마이크로소프트는 2025년 5월과 7월에 각각 대규모 해고를 단행해 연간 약 15,000명의 일자리를 없앴다. 저자는 이것이 CoreWeave로의 계약 이탈로 인한 즉각적인 손실을 수익 보고서에서 만회하기 위한 조치였다고 본다.


종합 분석: 이 이야기의 구조적 함의

1. 기술 부채는 비가시적이지만 치명적이다

Azure 노드 관리 스택의 문제들은 수년간 내부적으로 인지됐지만, 외부에는 “순조롭게 진행 중”이라는 메시지만 전달됐다. 2023년부터 2025년까지 마이크로소프트는 주요 컨퍼런스에서 VM 관리 컴포넌트들이 Overlake/Azure Boost 오프로드 카드로 이식되고 Rust로 재작성됐다고 공식 발표했다. 하지만 저자의 증언에 따르면 2024년 말 기준으로, 1년 전 도출된 64개의 핵심 작업 항목 중 완료된 것은 하나도 없었고, 약 60개는 시작조차 되지 않았다.

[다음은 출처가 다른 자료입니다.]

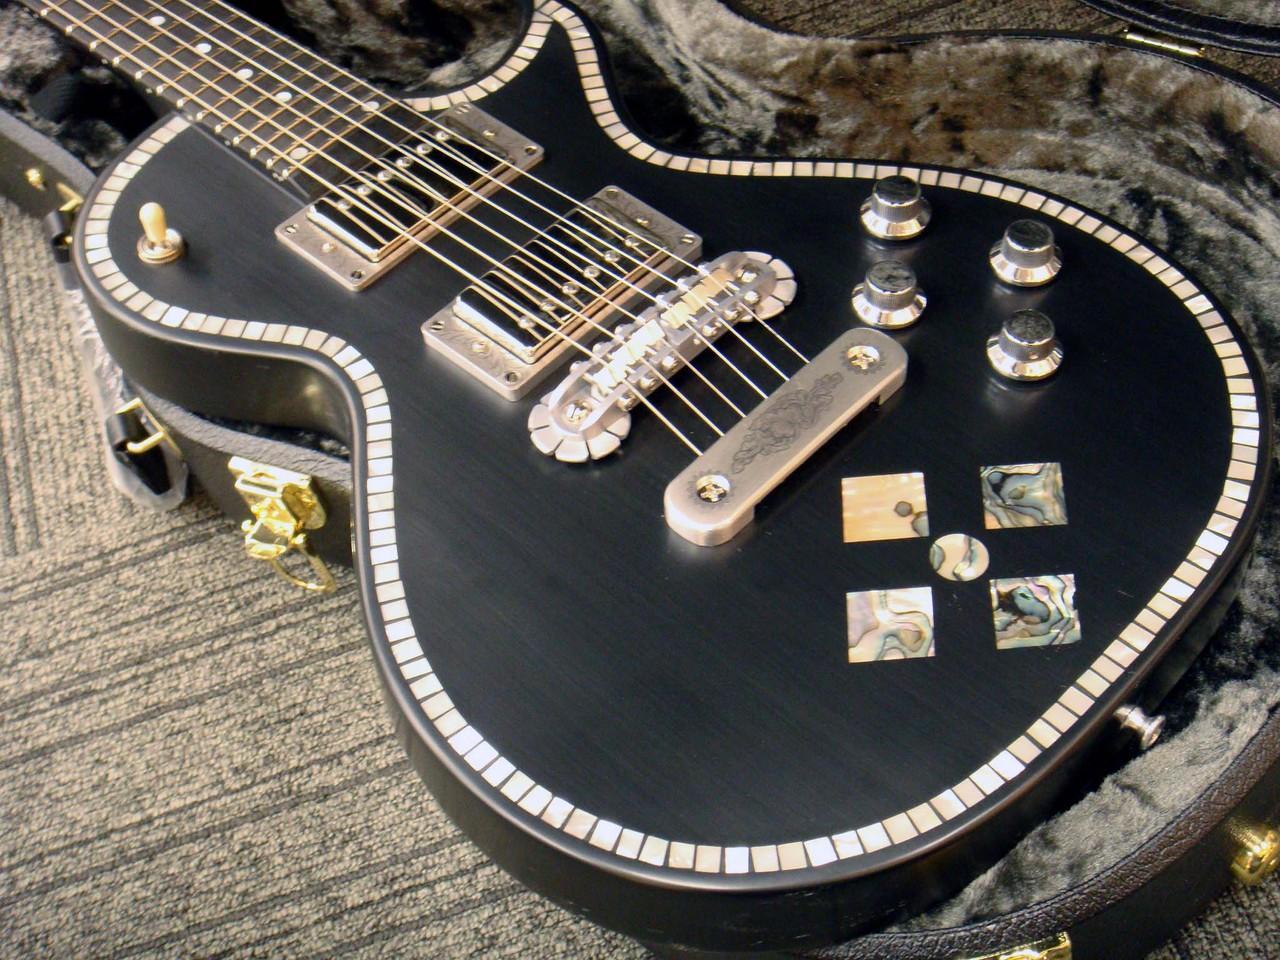 ZEMAITISCustom Shop Superior Series CS24SU BLACK PEARL DIAMOND Black (# KZ170653)【ゼマイティス】【スーペリア】【送料無料】

2. 인력 구조의 변화가 시스템 품질을 결정한다

SDET 직군 폐지와 그로 인한 인력 재편은, 단기적으로는 비용 절감처럼 보였지만 장기적으로는 시스템 설계 역량의 공동화를 가져왔다. 테스트 엔지니어는 단순히 버그를 잡는 사람이 아니다. 시스템의 동작을 이해하고, 경계 조건을 찾아내며, 엔지니어링 품질을 독립적으로 검증하는 역할을 한다. 그 역할이 사라지자, 시스템의 품질 보증 기능 자체가 무너졌다.

3. ‘빠른 시장 진입’ 전략의 숨겨진 비용

“디지털 에스코트” 프로그램은 마이크로소프트가 표준적인 보안 요건을 충족하기 어려운 상황에서도 빠르게 시장에 진입하기 위한 창의적 해결책이었다. 단기적으로는 효과가 있었다. 수십억 달러 규모의 연방 클라우드 계약이 따라왔다. 그러나 장기적으로는 “신뢰 위반”이라는 국방부의 공식 서한과 제3자 감사 명령으로 이어졌다.

4. 경고 시스템의 부재

가장 씁쓸한 대목은 6부의 결말이다. 기술적으로 정확한 분석을, 증거와 함께, 정중하게, 구체적인 해결책을 제시하며 CEO와 이사회에 전달했지만 — 아무 반응도 없었다. 이는 마이크로소프트라는 조직이 내부 경고를 처리하는 구조적 메커니즘을 갖추지 못하고 있음을 시사한다. 문제를 발견하는 사람이 있어도, 그 문제가 의사결정권자에게 전달되고 행동으로 이어지는 경로가 없다면, 조직은 위기를 자초한다.

5. 클라우드 신뢰성의 국가안보 함의

서버 한 대에서의 소프트웨어 버그는 IT 문제다. 하지만 전국의 군사 시스템, 정보기관, 핵심 인프라가 의존하는 클라우드의 소프트웨어 버그는 국가안보 문제가 된다. 헤그세스 국방장관이 “이런 일은 절대 일어나서는 안 됐다”고 말한 것은, 단순한 계약 위반에 대한 질책이 아니라 미국의 핵심 디지털 인프라 보호에 대한 근본적인 의문 제기였다.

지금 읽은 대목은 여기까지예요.